ES6 Default value parameter for callback [duplicate]

Question

I have several functions with optional callback:

let myFunc = (callback) => {
  callback = callback || (() => {});
  // do something...
  callback();
}

What is the best way to write the callback default parameter?

None of the following solutions satisfy me much:

1 If callback defined:

  if (typeof callback === 'function') {
    callback(); 
  }

Not compact at all!

2 Utility function:

let safeFunc = (callback) => {
  return callback || (() => {});
};

let myFunc = (callback) => {
  // do something...
  safeFunc(callback)();
}

but the problem is that in between this has changed, and it matters in my case.

3 Using call

let myFunc = (callback) => {
  // do something...
  safeFunc(callback).call(this);
}

Not very user friendly.

4 Creating ID function

const ID = () => {};

let myFunc = (callback=ID) => {
  // do something...
  callback();
}

Has external dependency, not very functionnal, though probably the best choice.

Answer 1

Calling directly Function() constructor looks meaningful:

let myFunc = (callback = Function()) => {
  // do something...
  callback();
}

Calling Function() returns a noop function:

let noopFunc = Function()
noopFunc() // => undefined

Answer 2

Here is another option.

5 Just an if check..

  if (callback) callback(); 

If you want to prevent calling the callback twice, another utility function here I've called callIt, it also handles passing arguments, and if this is important also to prevent using bind, just pass this..
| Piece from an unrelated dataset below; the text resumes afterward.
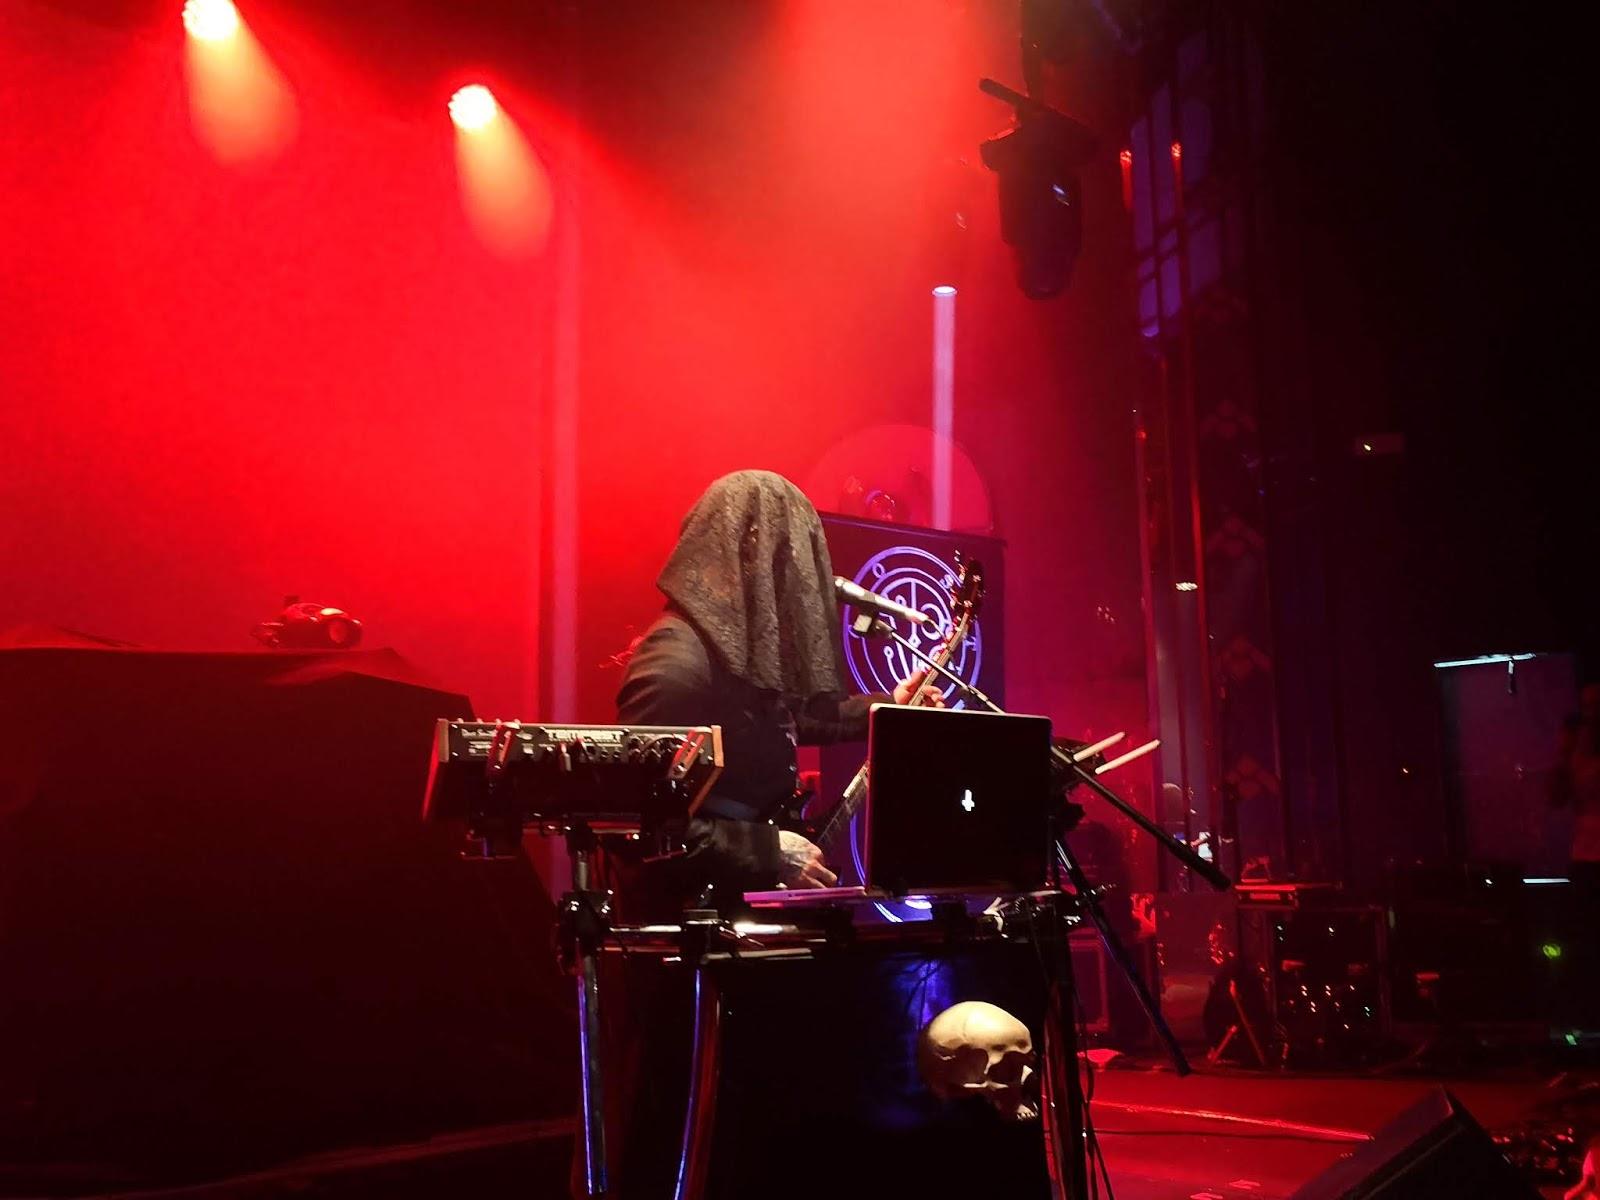 Metalkorner Crónica Noche Retrowave Con Carpenter Brut En

function callIt(that, fn) {
  if (fn) fn.apply(that, Array.prototype.slice.call(arguments,2));
}


//Test Object
function Test() {
  this.test = 'Test';
}

Test.prototype.calltest = function (callback) {
  callIt(this, callback, 1, 2, 3);
}

var t = new Test();
t.calltest(
  function (a,b,c) { 
    console.log('this.test = ', this.test); 
    console.log('args = ', a, b, c);
  }
);